À cet effet, « le chef du gouvernement a notamment affirmé que la corruption est avant tout une infraction économique », rapporte le communiqué de la réunion qui s’est tenue à Mahazoarivo. L’État compte ainsi passer d’une approche administrative de la lutte contre la corruption à « une approche économique et financière offensive », ajoute la missive. Cela implique que, dorénavant, une enquête pour délit financier sera « systématiquement » menée en parallèle d’une enquête pour corruption.
La réunion du Copil, coprésidée par Mamitiana Rajaonarison, Premier ministre, et Jean Louis Andriamifidy, président du Comité pour la sauvegarde de l’intégrité (CSI), a eu pour objet l’alignement du plan de mise en œuvre (PMO) de la SNLCC avec celui de la Politique générale de la refondation (PGR). Comme l’a indiqué le locataire de Mahazoarivo lors de la présentation du plan de mise en œuvre de la PGR devant l’Assemblée nationale, le 13 avril, il s’agit de cibler les présumés fruits de la corruption.

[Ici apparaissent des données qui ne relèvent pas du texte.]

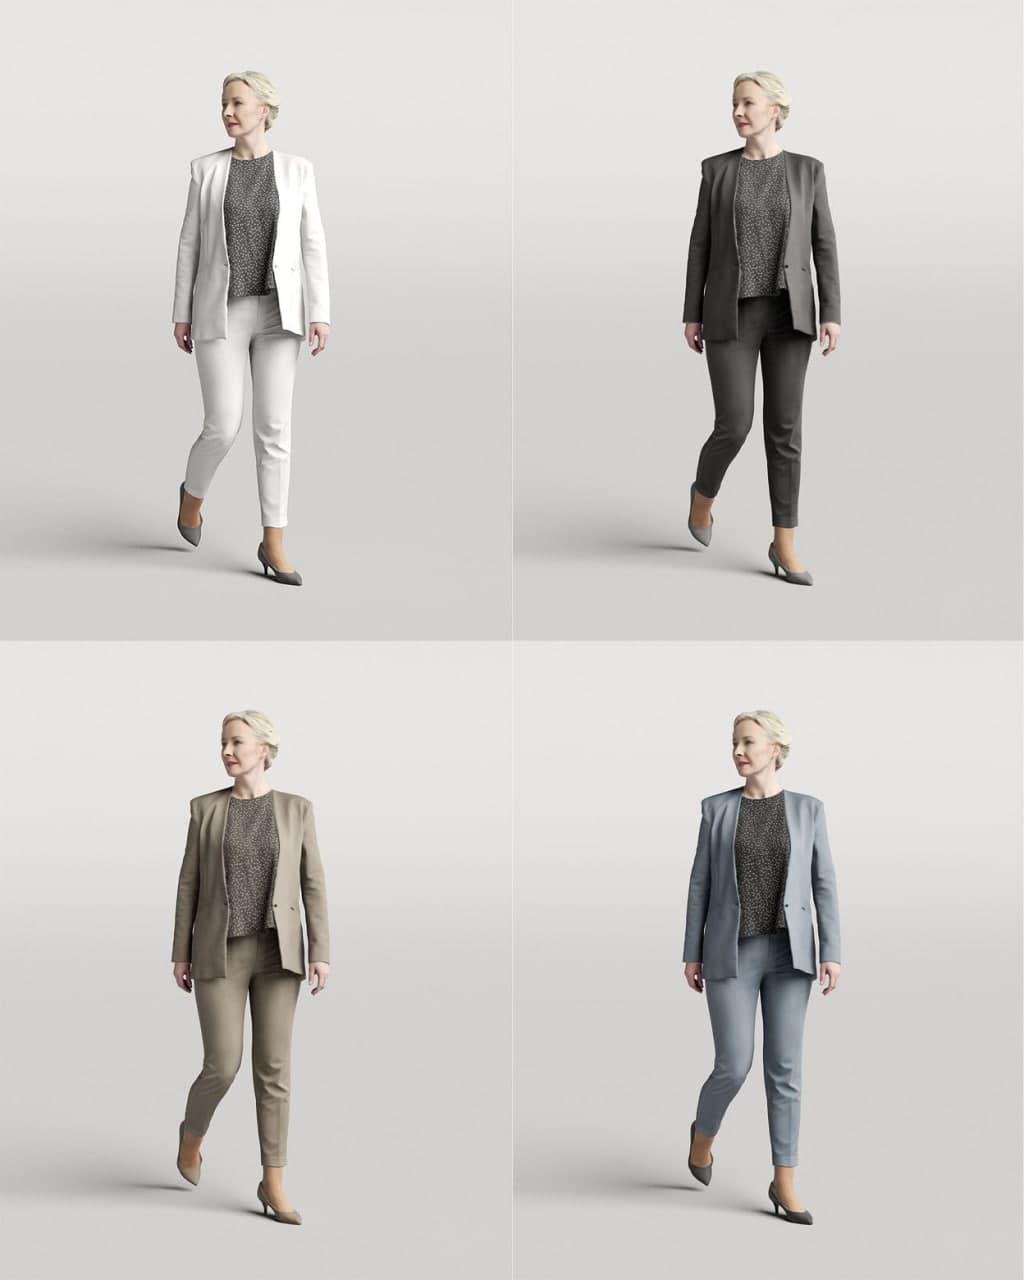 Humano Elegant woman walking and looking back 0306 3D model

« Le renforcement des enquêtes patrimoniales, la traque et le recouvrement des avoirs illicites, l’opérationnalisation de mécanismes de confiscation des biens sans condamnation dans certains cas spécifiques », figurent parmi les mesures prioritaires actées durant la réunion du Copil. Ces dispositifs figurent déjà dans les textes relatifs à la lutte contre la corruption et les infractions assimilées. Ils sont aussi bétonnés dans la SNLCC. Seulement, leur effectivité s’est heurtée à des limites en termes de ressources humaines, de logistique et à une lenteur de la procédure judiciaire.
Charge de la preuve
Mettre fin à l’impunité et permettre le recouvrement des avoirs illicites, issus de la corruption et des infractions connexes, sont les principaux objectifs de la SNLCC, qui court jusqu’en 2030. L’autre but est d’avoir un effet dissuasif. Durant son discours-programme devant les députés, à Tsimbazaza, Mamitiana Rajaonarison a mis l’accent sur ce qu’il considère comme le caractère concret et l’effet dissuasif de l’orientation des enquêtes pour corruption vers les présumés bénéfices des malversations.

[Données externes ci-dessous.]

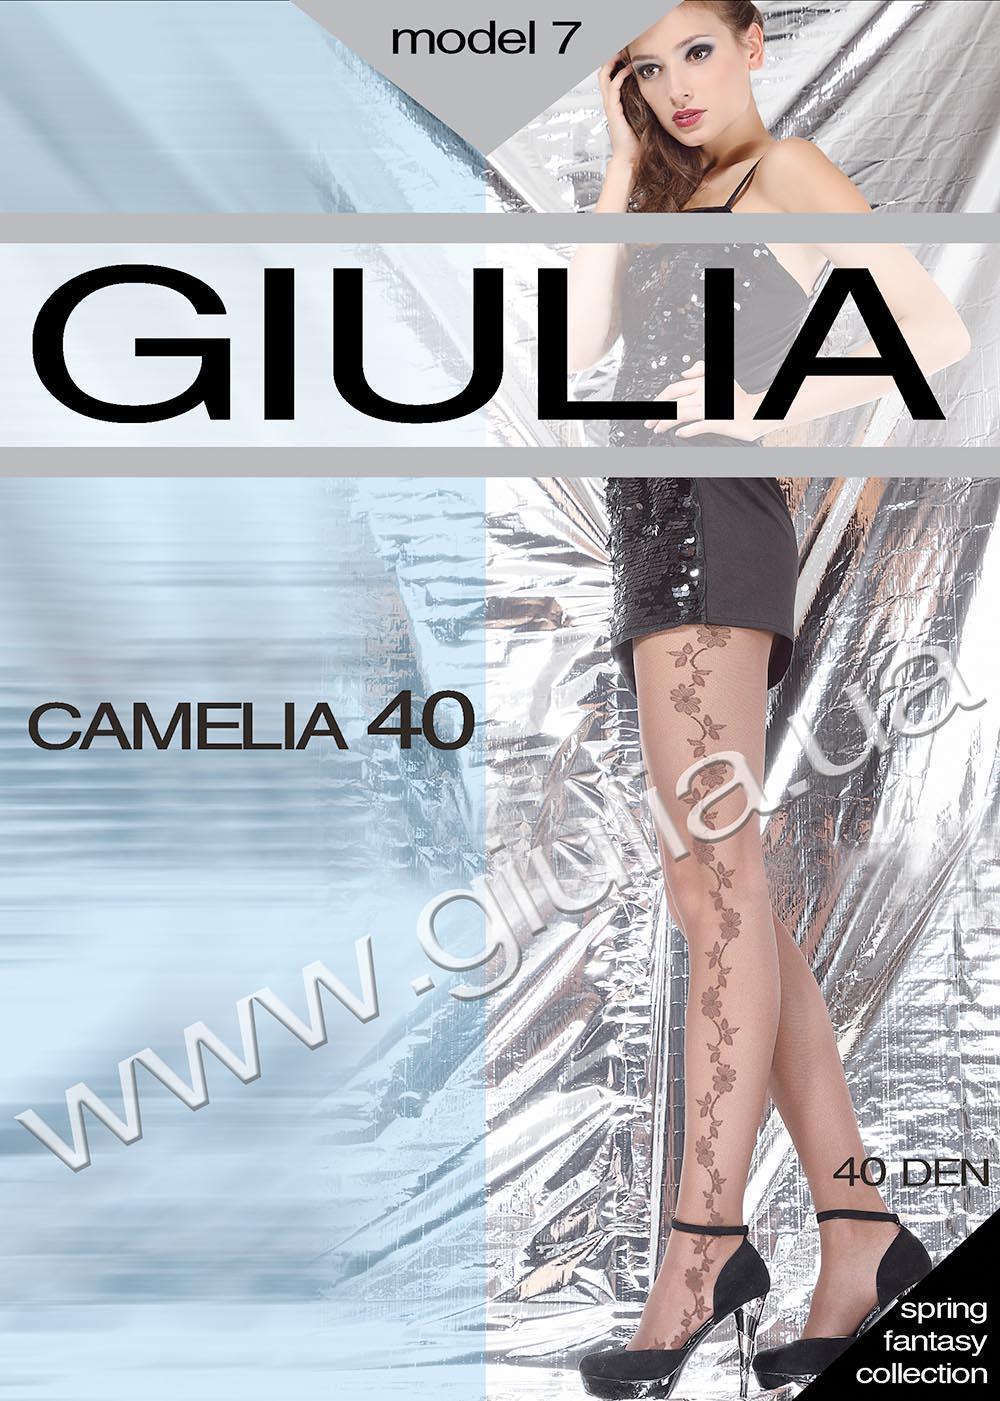 Колготки с рисунком CAMELIA 40 model 7

La nouvelle dynamique que l’État veut impulser à la lutte contre la corruption devrait, en principe, mettre en application le « renversement de la charge de la preuve ». Un point que le locataire de Mahazoarivo a mis en avant durant un atelier sur la lutte contre le blanchiment de capitaux, à Ambohijanaka, au début du mois. L’idée est de demander au suspect dans une affaire de corruption ou de malversation financière de démontrer la licéité de l’origine de son patrimoine.

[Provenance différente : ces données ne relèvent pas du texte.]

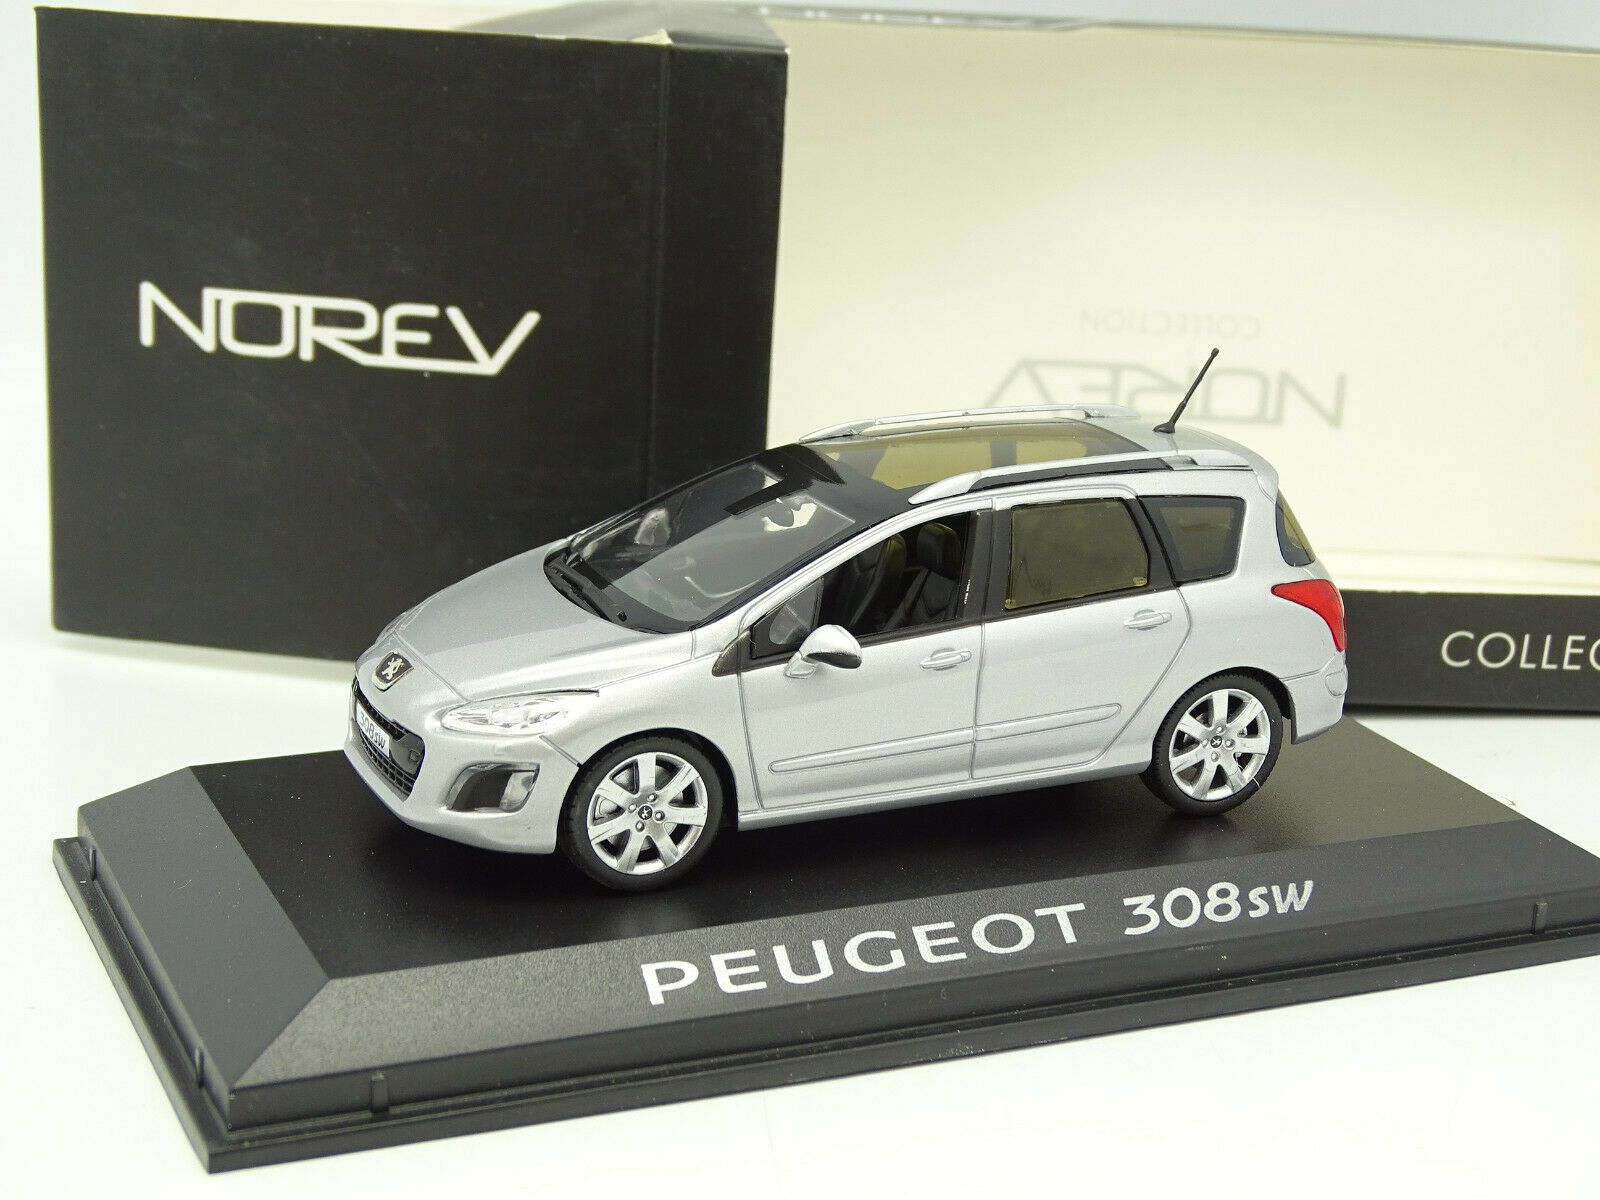 Norev 1 43 - Peugeot 308 Sw argento

Ancien directeur général du Service de renseignement financier (Samifin), qui est l’organe de lutte contre le blanchiment de capitaux, et ancien cadre du Bureau indépendant anti-corruption (Bianco), le Premier ministre explique qu’il est difficile de prouver les délits financiers. C’est d’autant plus difficile lorsqu’il s’agit d’appréhender les principaux auteurs ou les principaux bénéficiaires des délits. Il en va de même pour la corruption, où le flagrant délit est souvent nécessaire pour prouver le méfait.
En ciblant les biens mal acquis, « il sera plus facile de démanteler les réseaux de malfaiteurs », a affirmé le chef du gouvernement en marge de l’atelier d’Ambohijanaka. Selon les explications, par ailleurs, ériger la lutte contre la corruption en priorité économique nationale implique de reconnaître les préjudices économiques qu’elle cause à l’État.
« La lutte contre la corruption n’est plus seulement une exigence de gouvernance: elle devient désormais un levier central de développement économique, de souveraineté nationale et de restauration de la confiance publique », affirme ainsi le communiqué de la réunion de Mahazoarivo. À cet effet, le Comité de pilotage de la SNLCC a décidé « la mise en place d’équipes mixtes entre les entités anti-corruption pour les dossiers à fort impact économique (…) ».
Selon la missive sur la réunion de vendredi, « le Copil a également mis l’accent sur plusieurs réformes structurelles sensibles, notamment la lutte contre la capture d’État, l’assainissement des marchés publics, la réforme des procédures disciplinaires dans l’administration et la souveraineté numérique de l’État ».